Come traduttore ha pubblicato una meravigliosa traduzione di Boezio, che ha intitolato Fortune’s Prisoner, oltre a traduzioni da Dante, da Virgilio, da Eschilo, da Plotino ecc.
Da A Vision of Comets, a The Monk’s Dream, da The Dark Age a Oracle Bones, a Voices of the Book of Kells, le sue raccolte poetiche gli hanno guadagnato moltissimi riconoscimenti e numerosi premi nazionali e internazionali. Nel 2007 ha pubblicato, con la Iona Books, The Gospel of Joseph of Arimathea, testo in prosa e versi.
Fra i molti premi e riconoscimenti, nel 1995 ha ricevuto The British National Poetry Prize, borse dalla Cork Arts Society, dall’Arts Council, dall’Eric Gregory Trust e dalla Society of Authors.
Nel 2009 ha vinto il Michael Hartnett Award.
Nel 2012 ha pubblicato la quinta raccolta poetica, Angels and Harvesters, sempre con la Anvil Press.
È direttore della sezione poesia di “Southword”, uno dei più importanti e autorevoli periodici letterari irlandesi e della “Temenos Academy Review”.
È stato poeta residente per il Munster Literary Centre, la Princess Grace Kelly Irish Library di Monaco e la Cattedrale di Exeter. Tiene corsi di scrittura poetica in varie università sia in Irlanda che in Gran Bretagna, letture pubbliche, televisive e radiofoniche e attualmente sta conducendo un lavoro su Ulisse e l’Odissea.
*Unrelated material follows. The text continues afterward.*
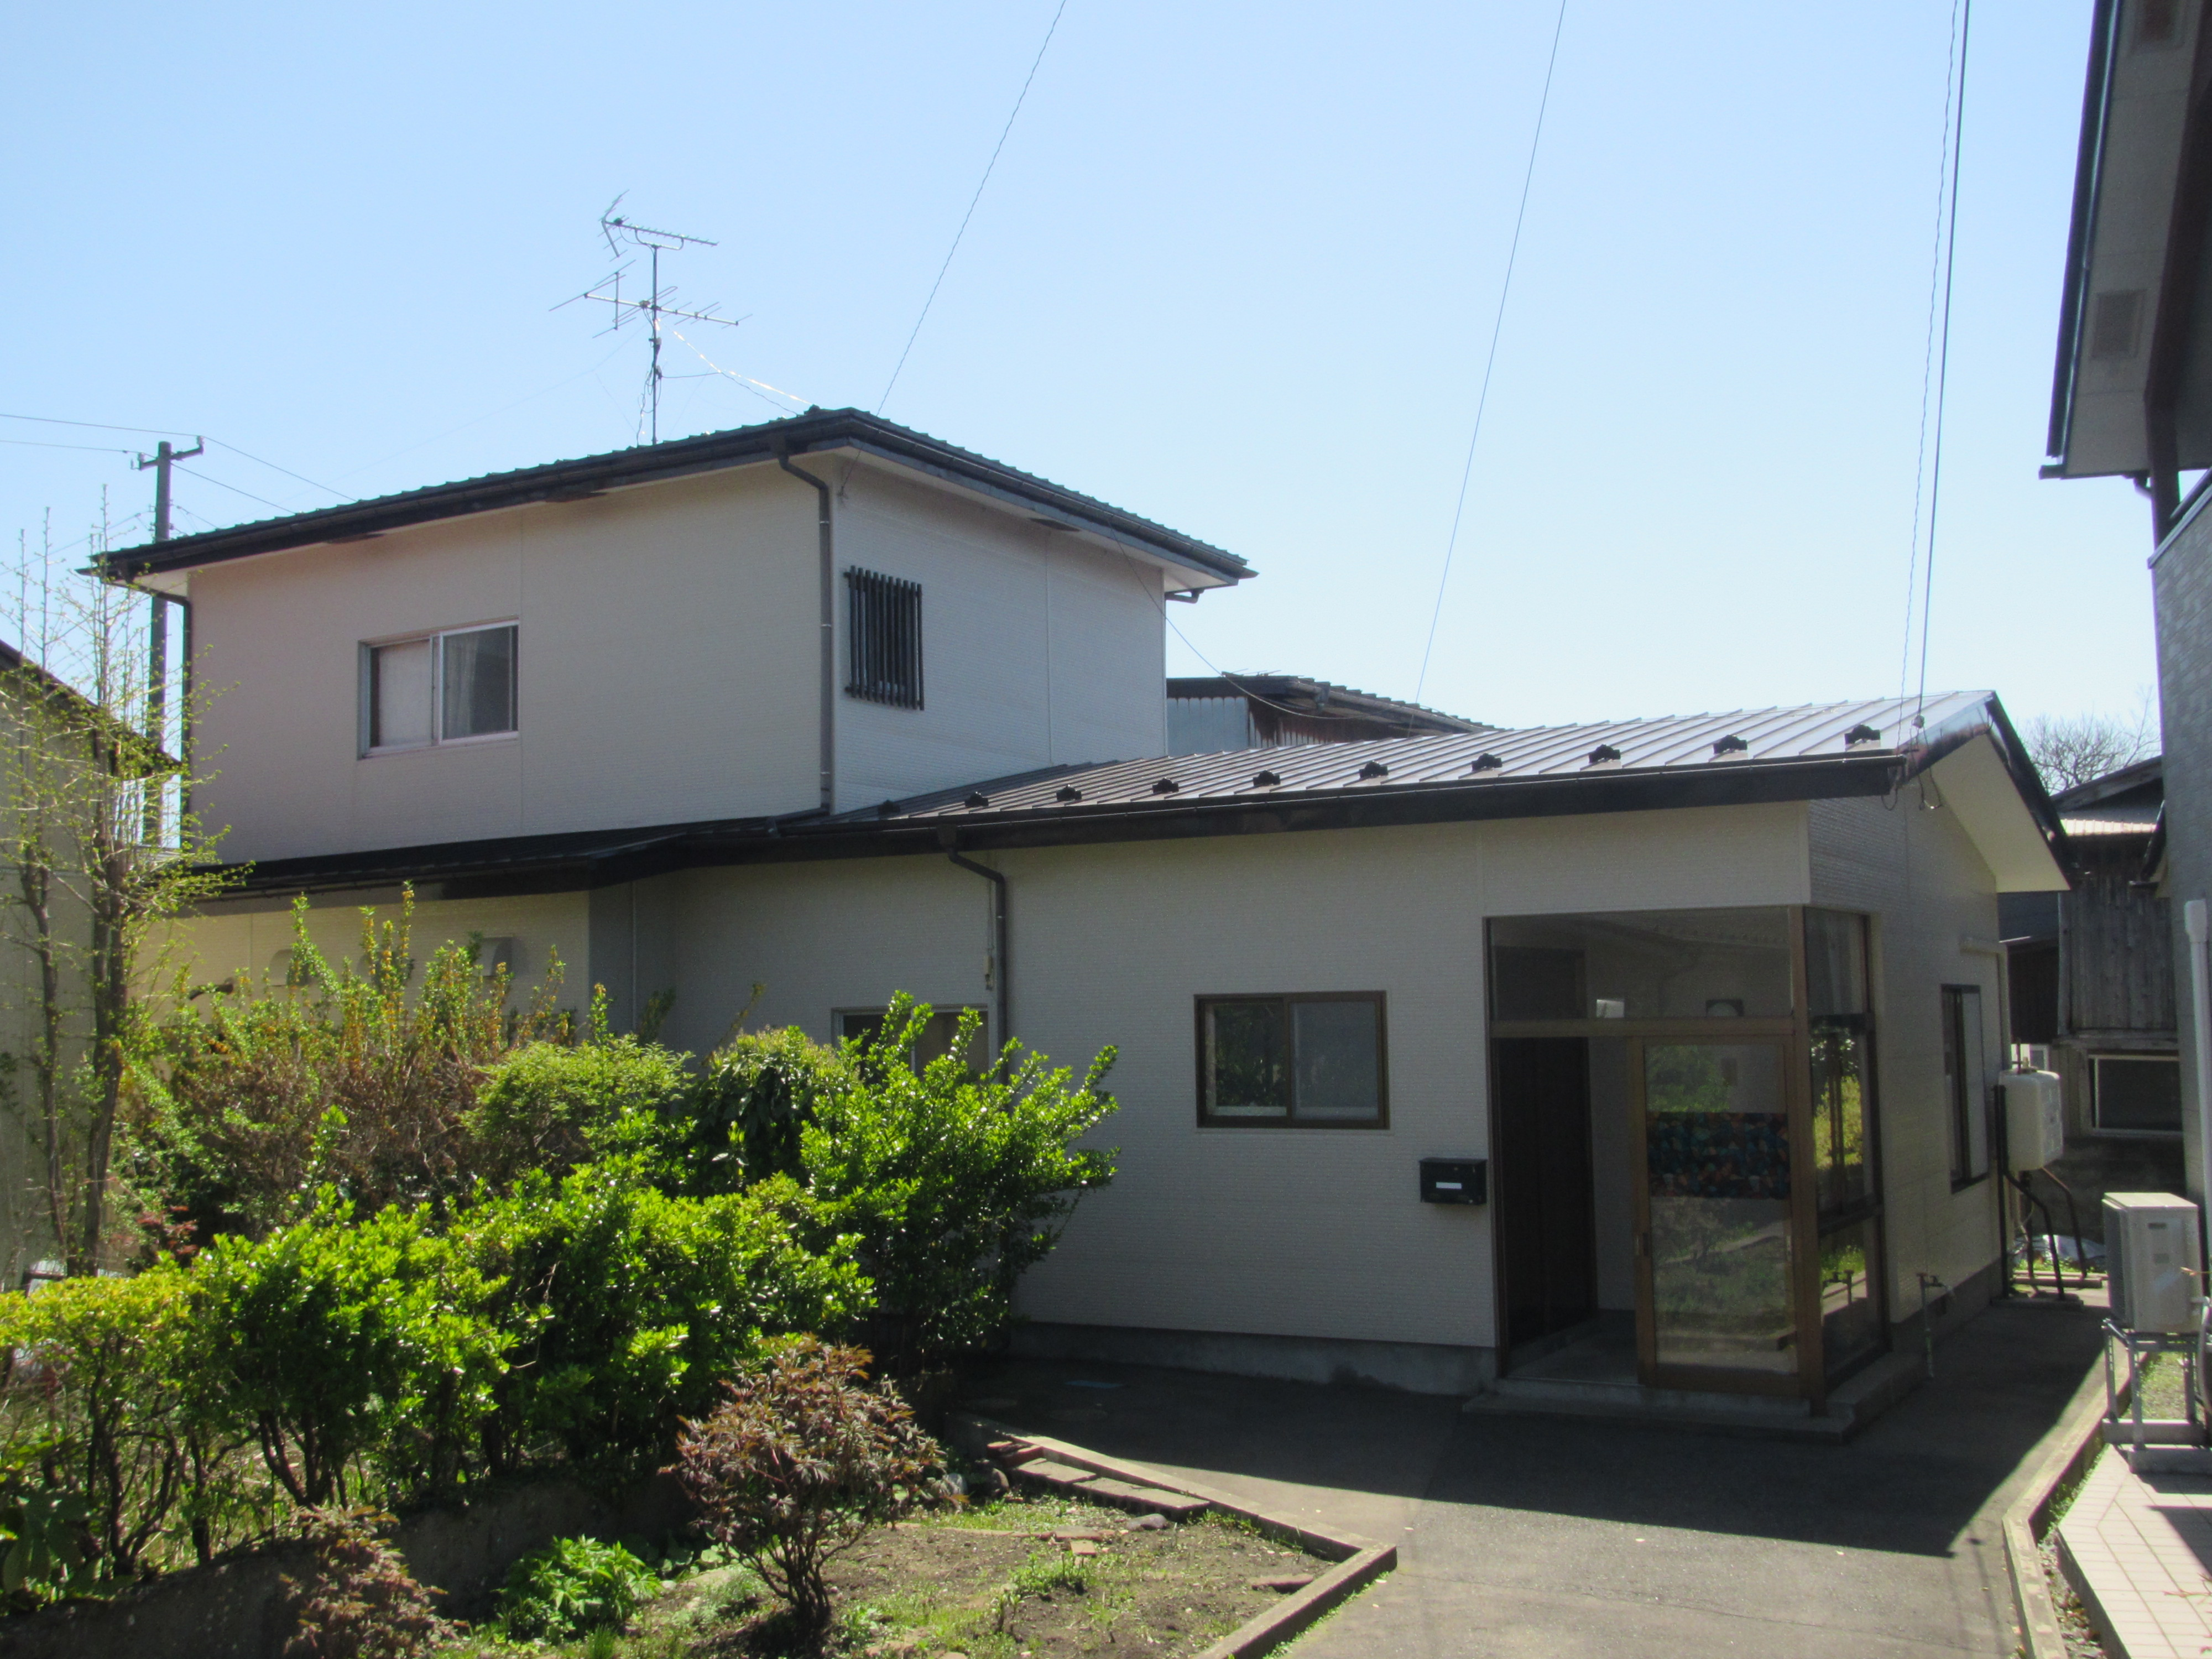 耐久性の高いスーパームキコートで屋根・外壁塗装

Tre poesie di James Harpur
Traduzione di Francesca Diano

Da A Vision of Comets
1993

Revised Myth

The snake lay still, the essence
Of snake generations compressed
Into each atom of nerve and muscle;
Its oily green coils glistening
With the dryness of glazed paint.

The warm-blooded serene saint
Leant over and let drip drops of holy water
Until like a fork of lightning spasm
The snake, crucified, spat and spat
Back the gospel with hiss and venom,
Its blind tongue flickering foil-like,
Head and tail split from each other
By the great sackweight of solid flesh.
Unpeeling itself, it began to shudder,
Then rocketed through the bracken
That crackled like rain on a live rail.

Wherever he went, the snakes vanished:
He lobbed a cross.
They darted into foxholes.
He clicked his fingers,
They slipped between the cracks of gravestones.
He mouthed ‘Abracadabra’,
They melted into their own mirages.

But while the saint kicked off his sandals
The snakes chewed their way through thick earth,
And they met, and snake ate snake
Until just one serpent, sweating in its juices,
Its back crusted with the hills of Ireland,
Lay still.

And now it lies waiting,
Swelling under the thin skin of the New Testament,
Waiting for the saints on St Peter’s
To drop off, one by one,

Like stand-up ducks at a rifle range.

*

Mito modificato

La serpe stava immobile, l’essenza
Di generazioni di serpi compressa
In ciascun atomo di nervi e muscoli;
Le verdi spire oleose scintillanti
Con l’asciuttezza del colore a smalto.

Il santo sereno, sangue caldo
Si piegò e versò gocce d’acqua santa
Finché come un forcuto spasmo di saetta
La serpe, crocefissa, sputò e risputò fuori
Il vangelo con sibili e veleno,
Sventagliando come un fioretto la lingua cieca,
Distaccata la testa dalla coda
Dal peso abnorme di solida carne.
Uscendo dalla pelle, iniziò a tremare,
E poi sfrecciò attraverso le felci
Che crepitarono come pioggia su un’inferriata viva.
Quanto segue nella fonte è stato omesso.